Entries supplied ->

=== Section Start ===

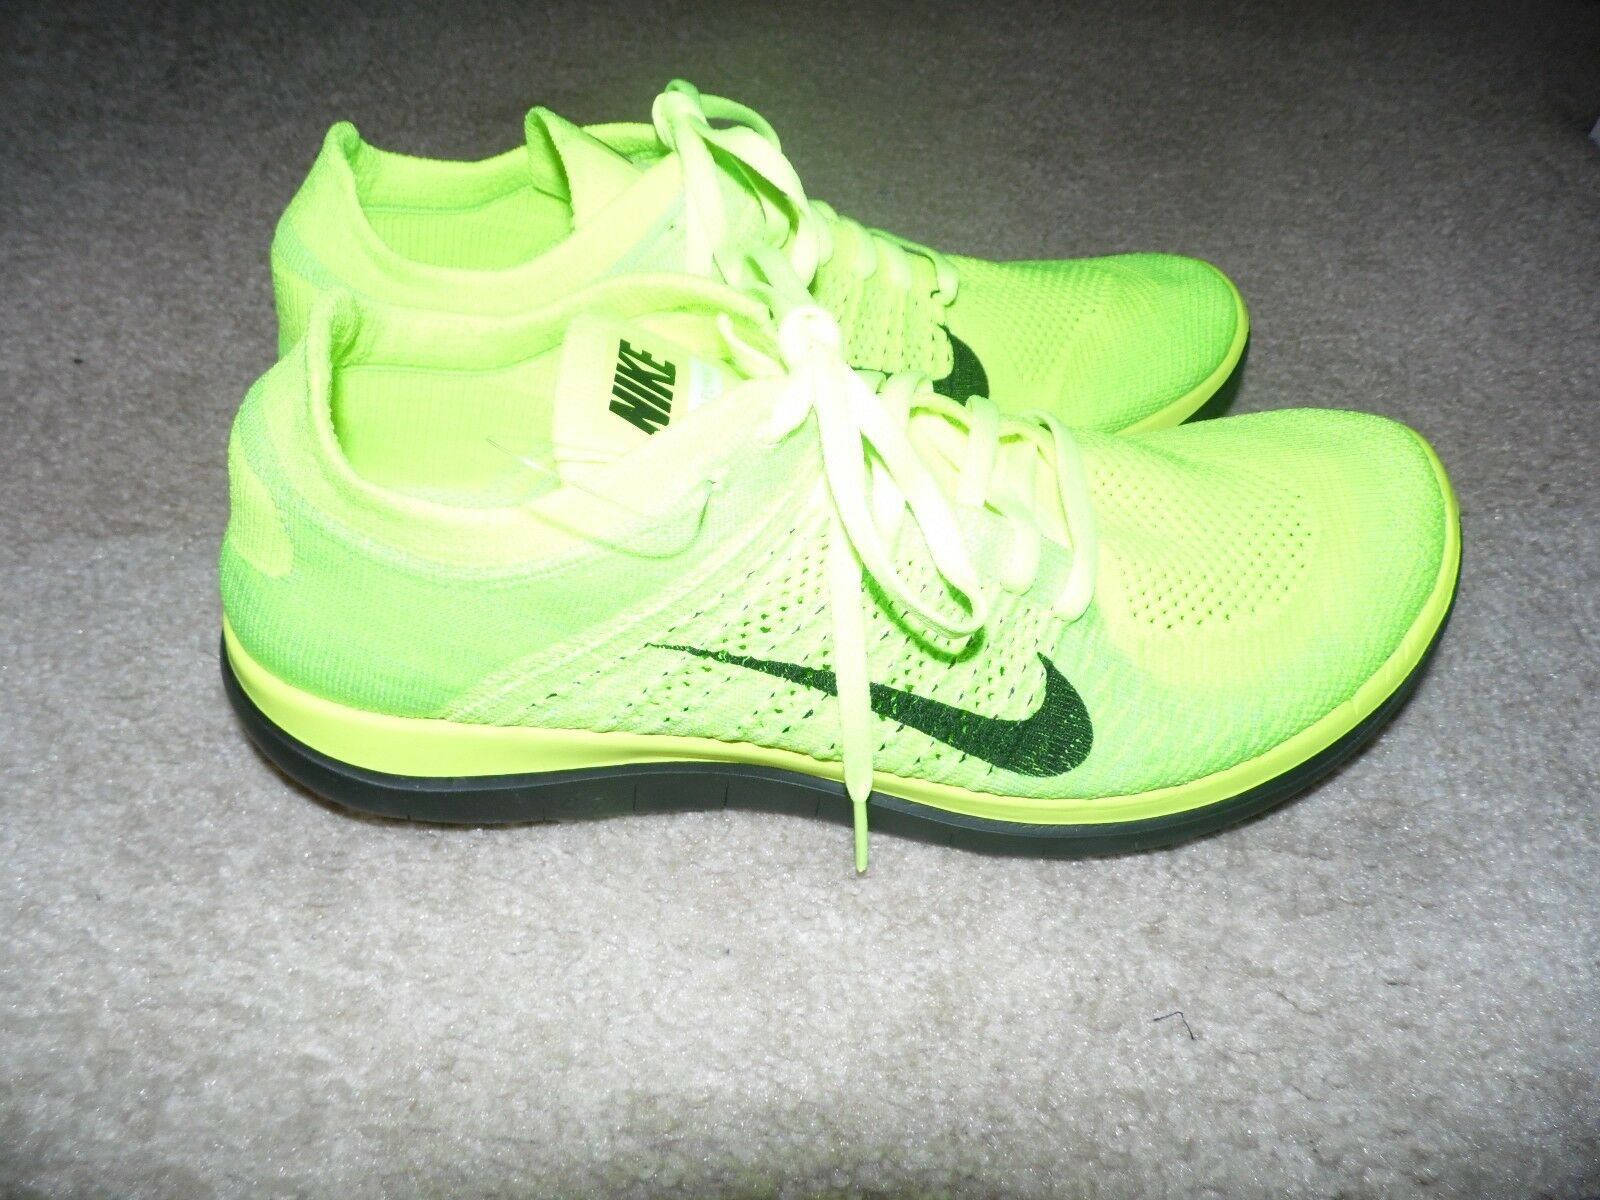 New Sz 13 Men's Nike Free Flyknit 631053 700 Volt Black Electric Green
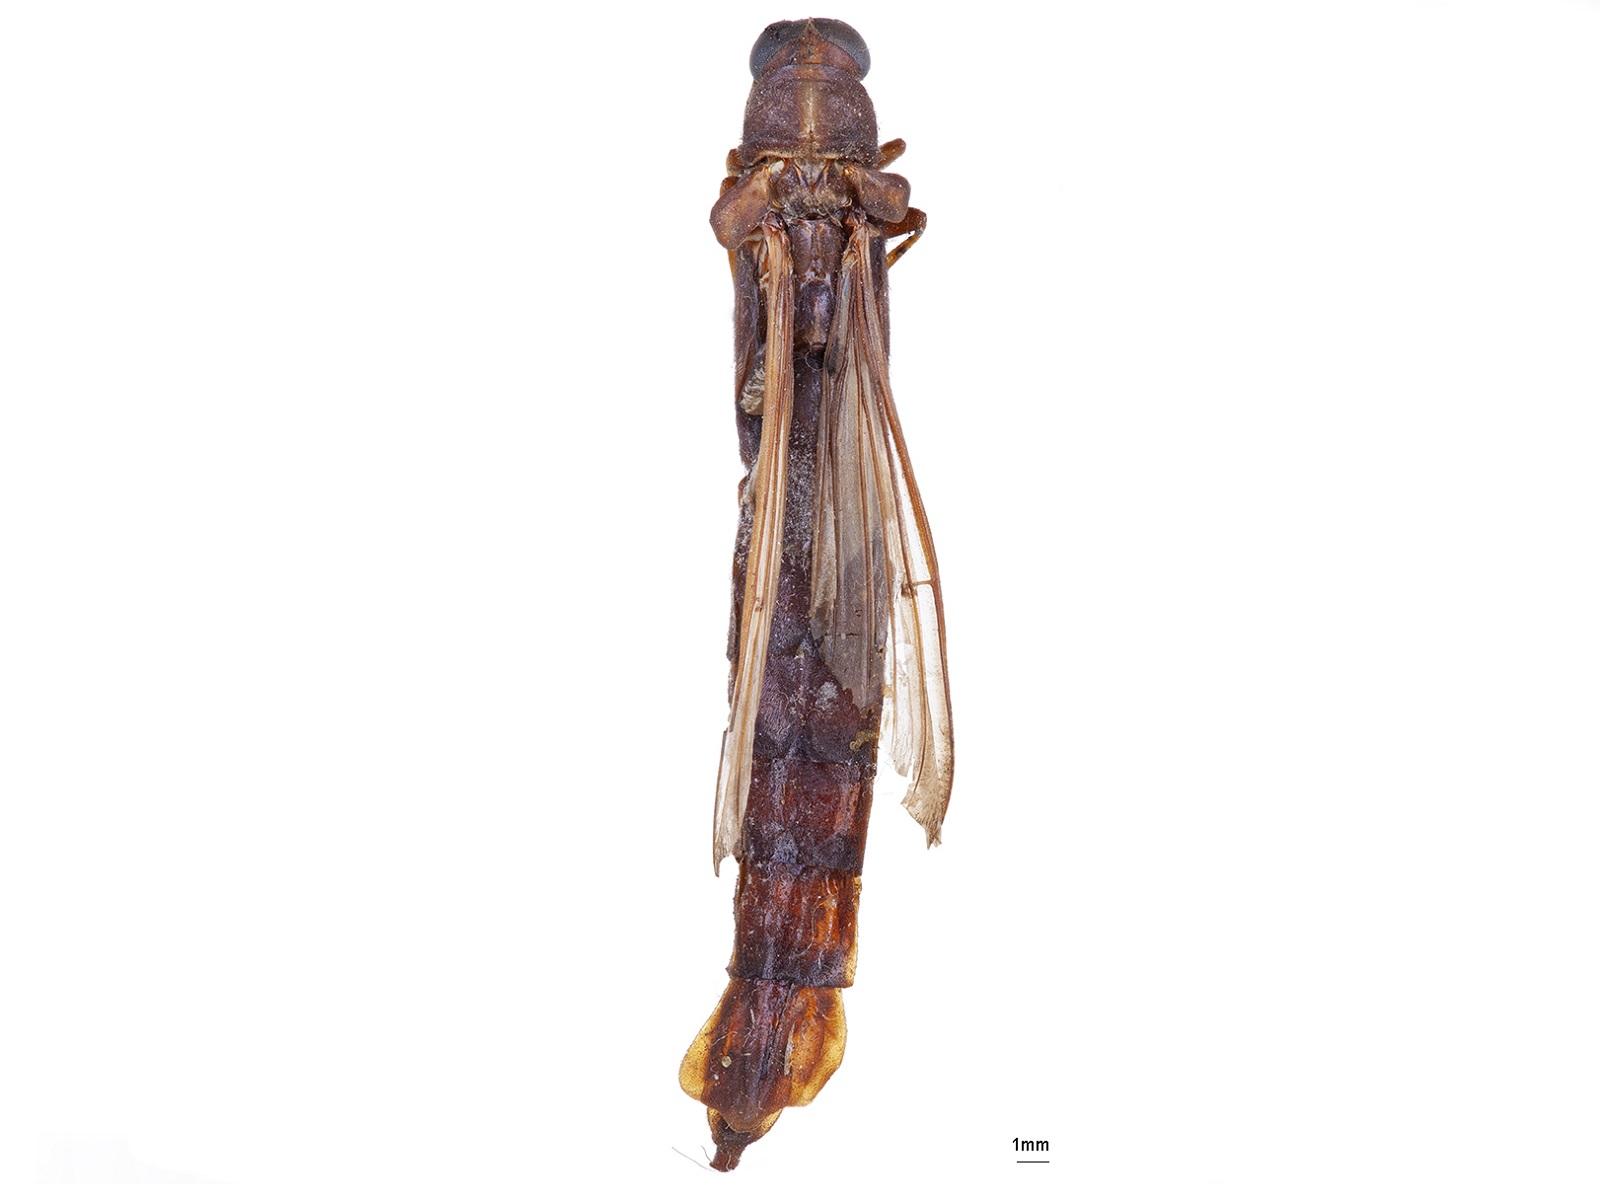 Atractocerus brasiliensis Lepeletier & Audinet-Serville, 1825
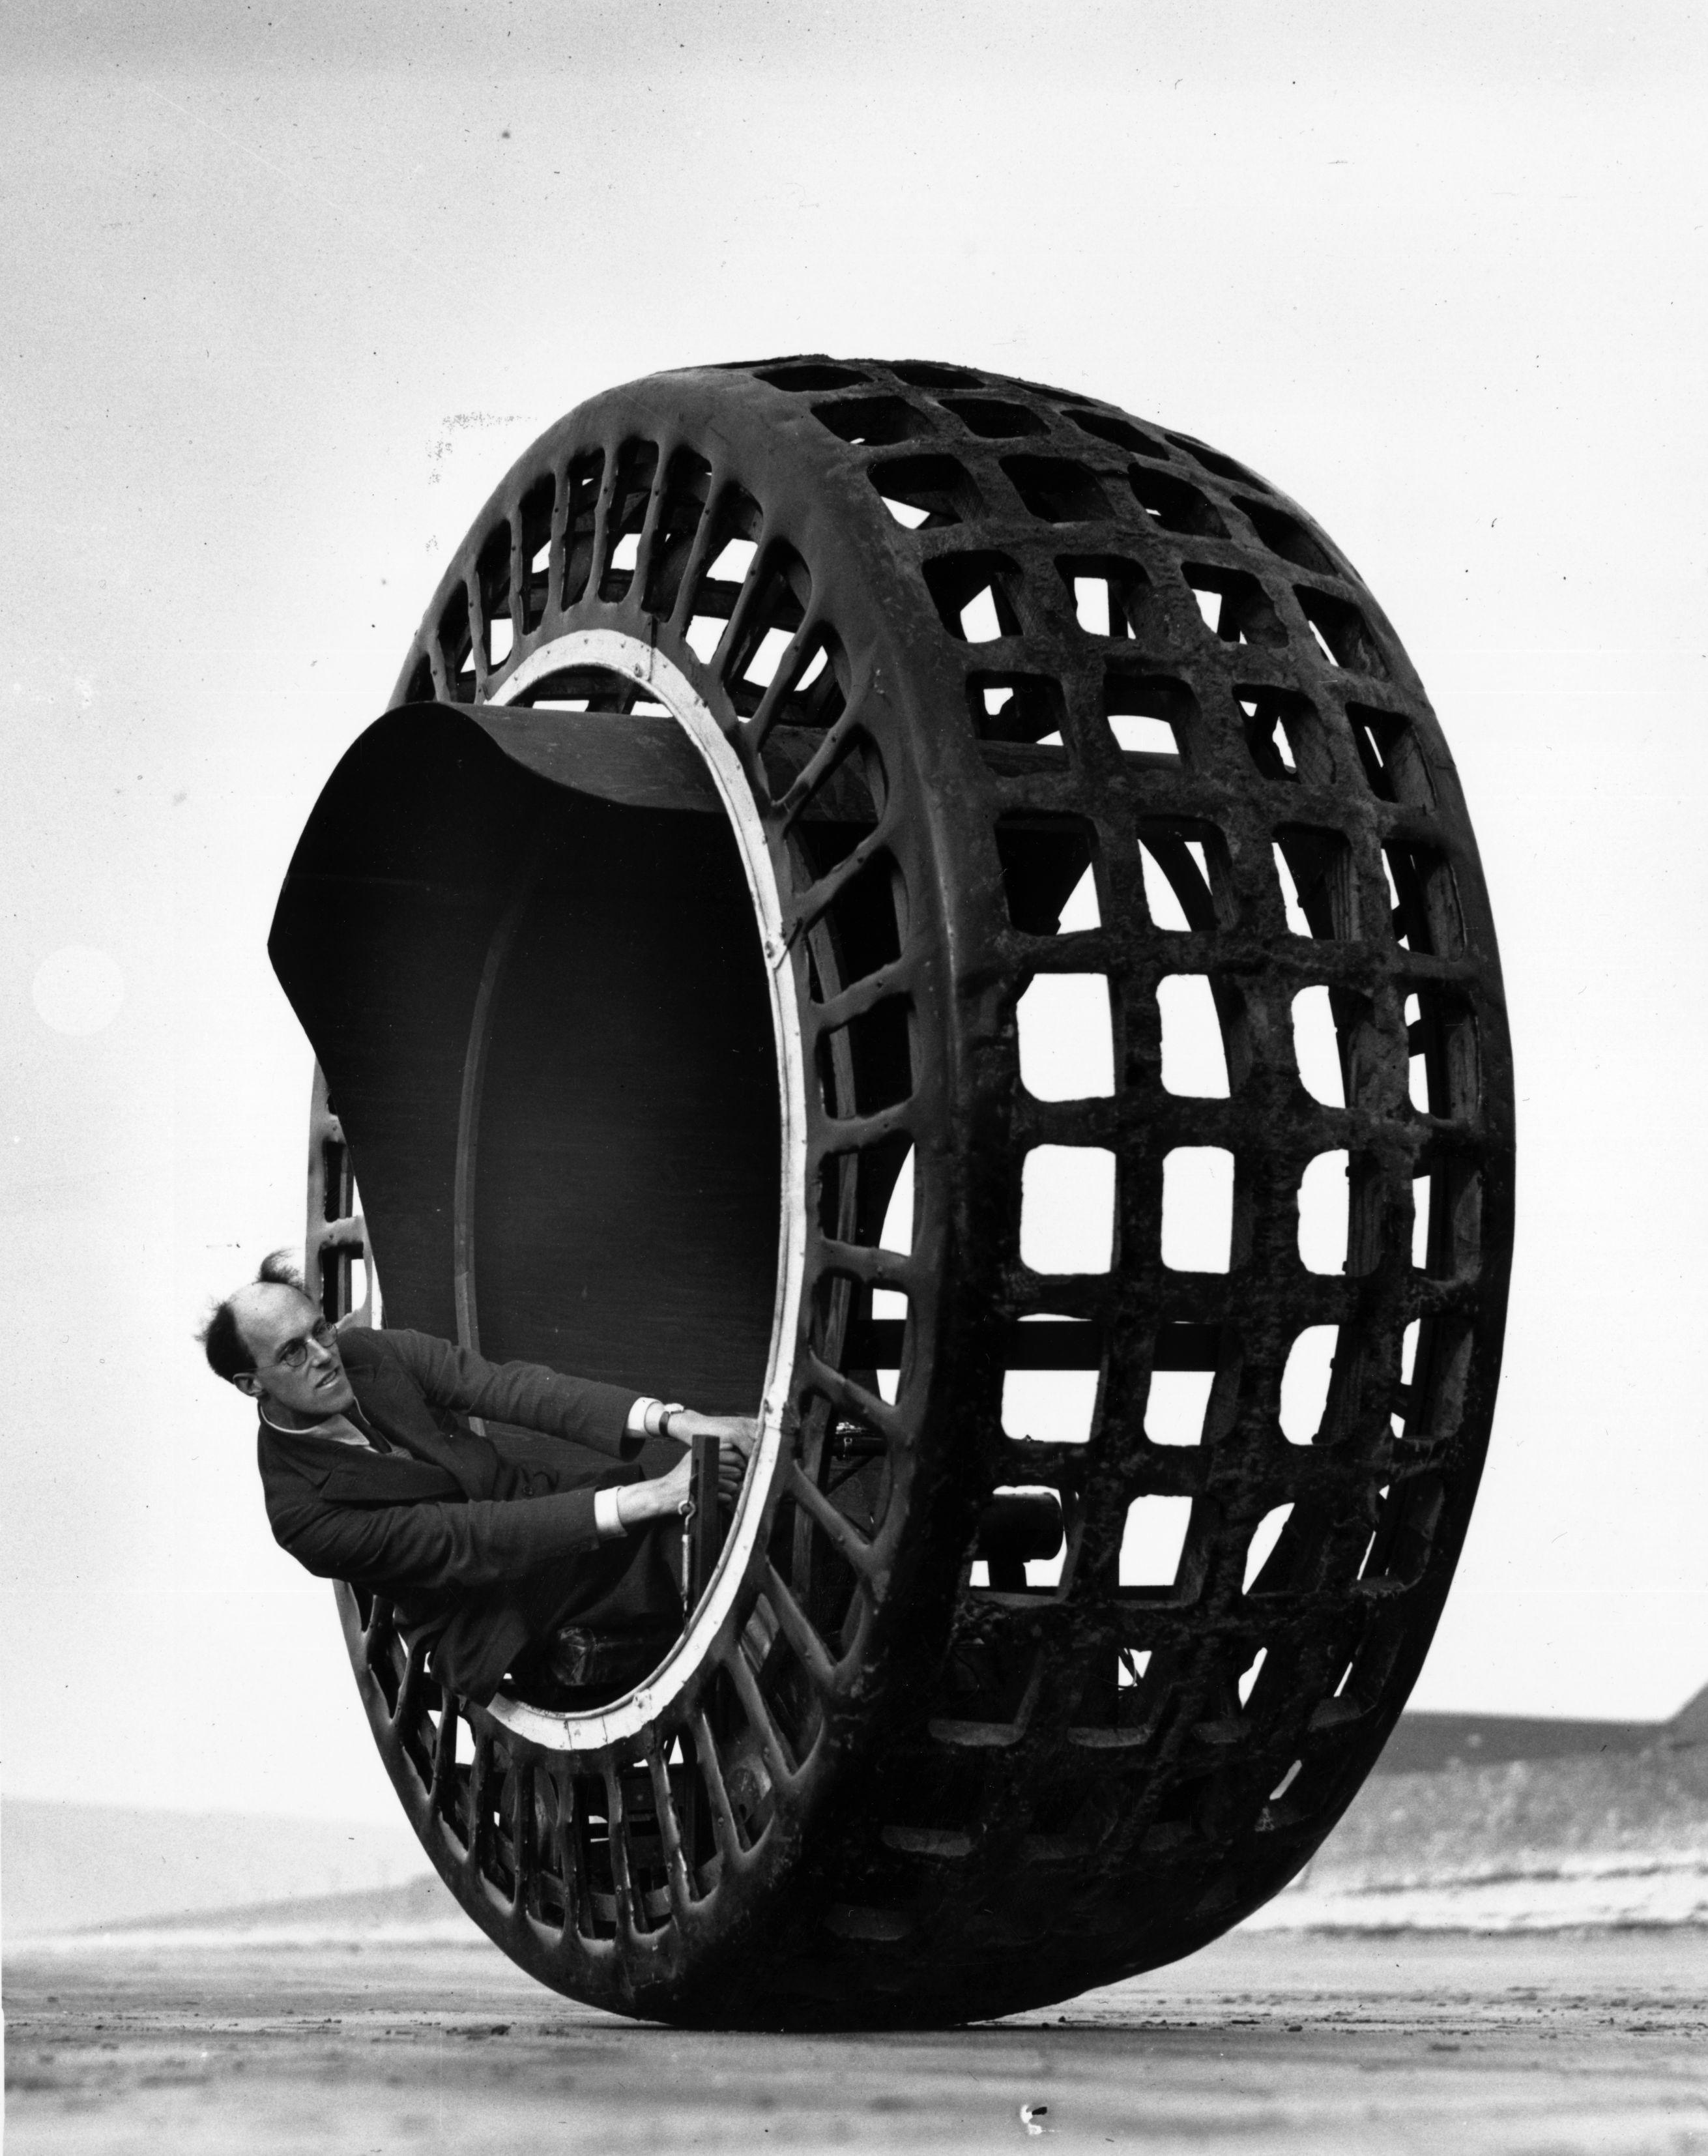 dynasphere monowheel 01 Roulez en Dynasphère
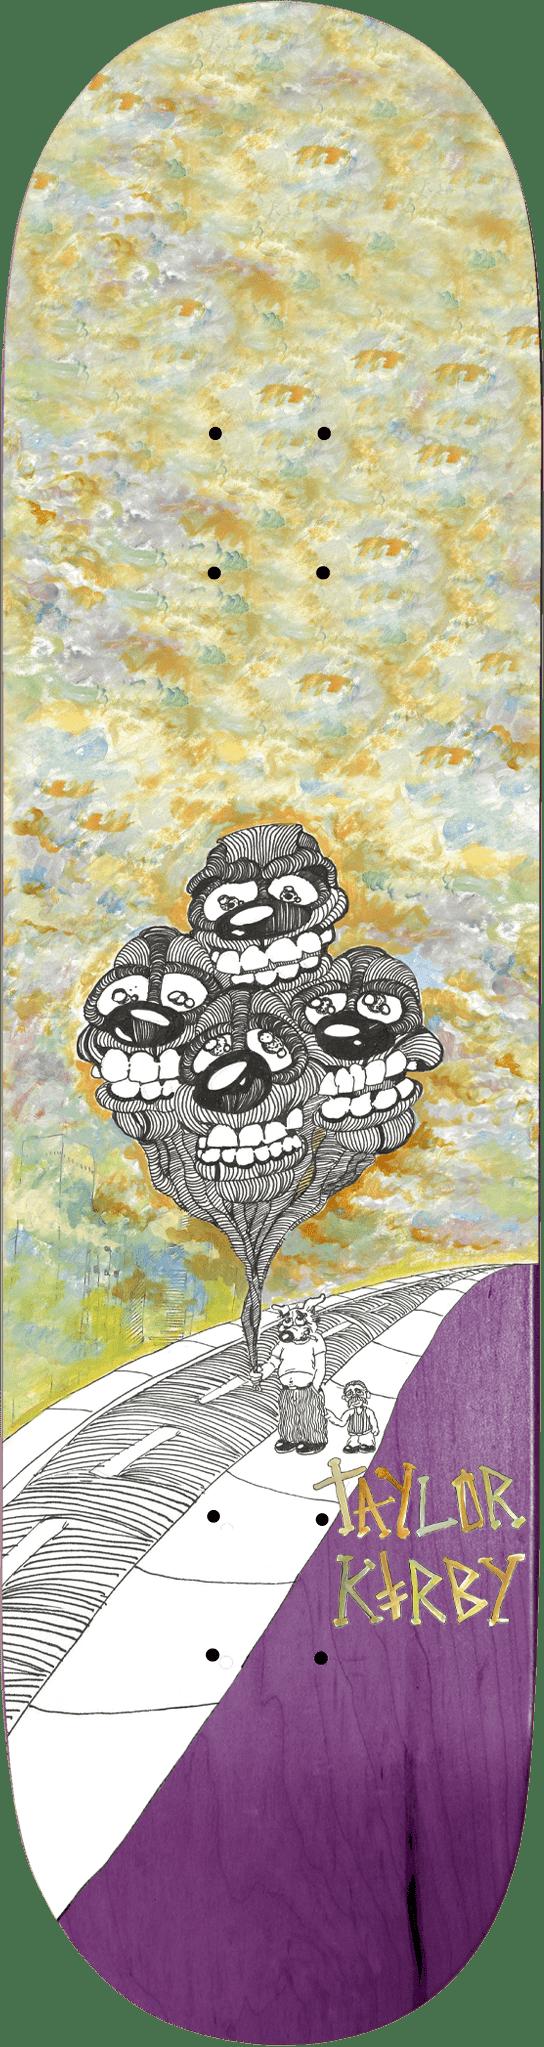 "Kirby Mice & Men Deck   8.25""   Deck by Deathwish 1"
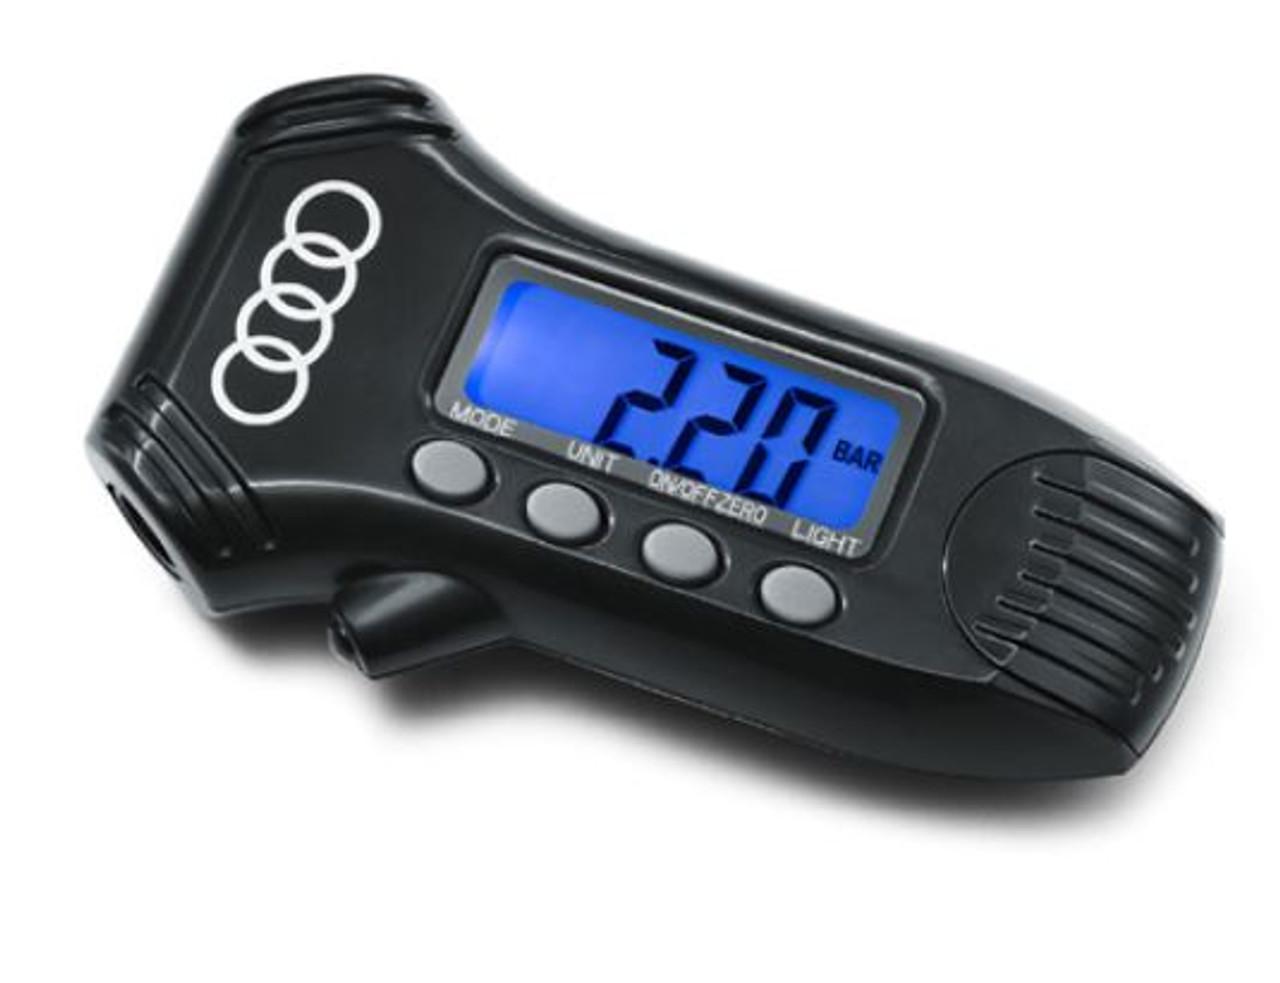 AUDI Tyre Pressure and Tread Depth Gauge

=== Section End ===

Exercise brief ->
Could you transcribe exactly the lines from the line containing "dynasphere monowheel 01 Roulez en Dynasphère" through the final line of the records, both included, and nothing beyond them? The pictures should be left out.

Written answer ->
 dynasphere monowheel 01 Roulez en Dynasphère
 "Kirby Mice & Men Deck   8.25""   Deck by Deathwish 1"
 AUDI Tyre Pressure and Tread Depth Gauge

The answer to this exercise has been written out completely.